Use the index file to generate the genome file by printing the first two columns into a new file.
cut -f1,2 <ref.fasta.fai> > <ref.genome>
cut -f1,2 hg38.fasta.fai > hg38.genome
In line with 4DN project guidelines and from our own experience, optimal alignment results are obtained with the Burrows-Wheeler Aligner (bwa). Prior to alignment, generate a bwa index file for the chosen reference.
bwa index <ref.fasta>
bwa index hg38.fasta
There is no need to specify an output path as the bwa index files are automatically generated in the reference directory. Please note that this step is time consuming, however, you need only run it once for your reference.
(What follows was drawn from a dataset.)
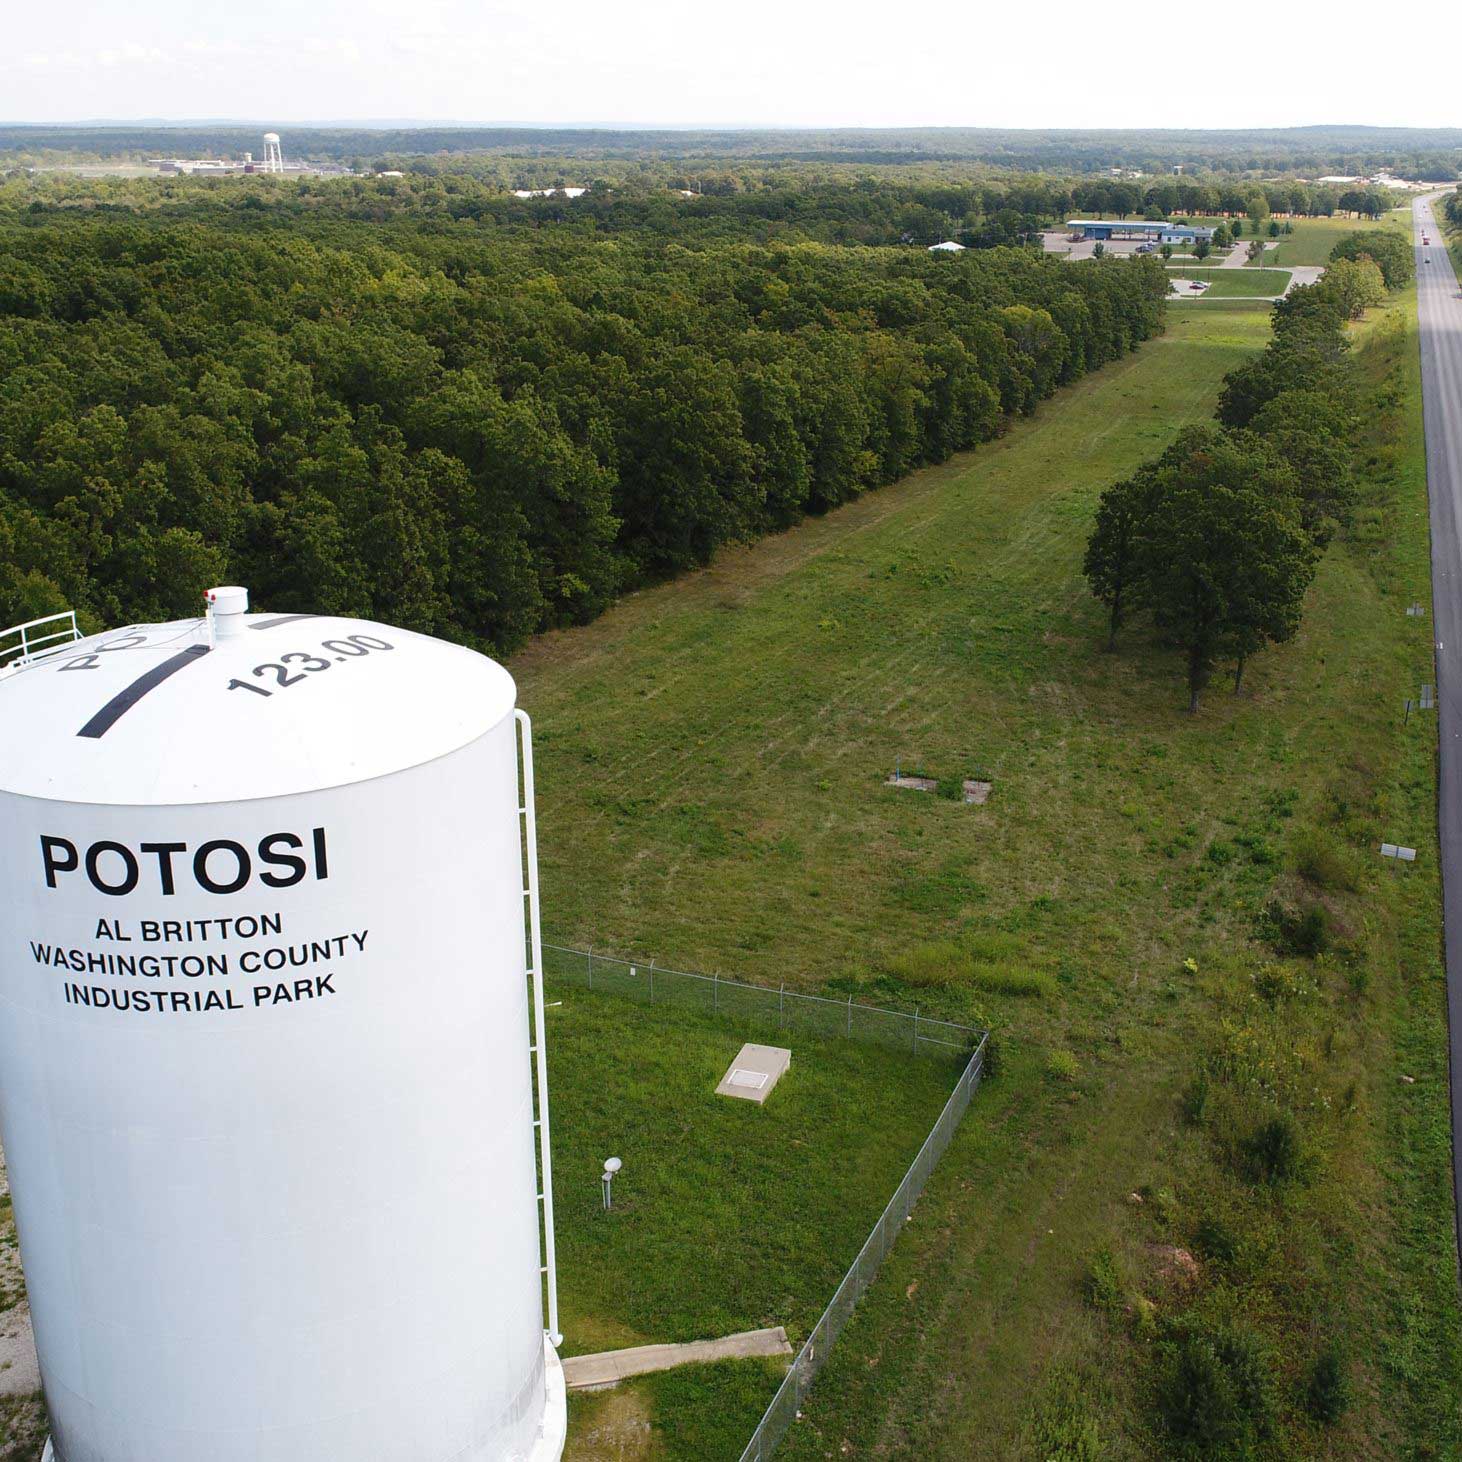 Tower out side the Washington County Industrial Park labeled "Potosi Washington County Park"
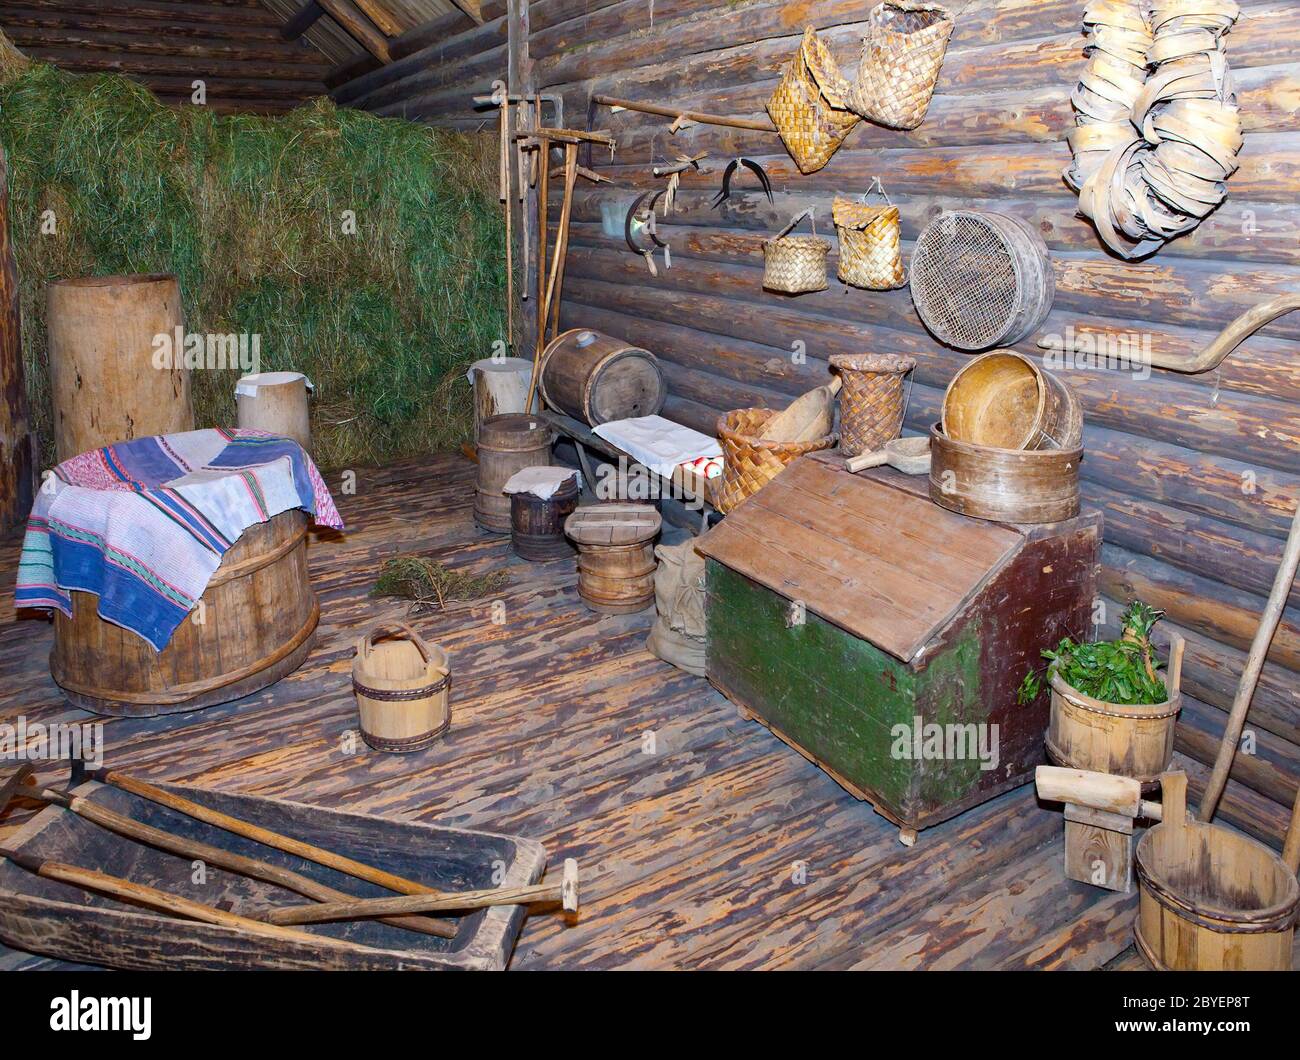 museum of  ancient wooden architecture, log hut in Stock Photo

To avoid memory issues, some of the steps require writing temporary files into a temp folder. Create a temp folder and remember its full path. Temp files may take up to 3x the space your final fastq.gz files. That is, if the total volume of the fastq files are 5Gb, make sure that the temp folder can store at least 15 Gb.
In this example the folder temp will be generated on a mounted volume called ebs on a user account ubuntu.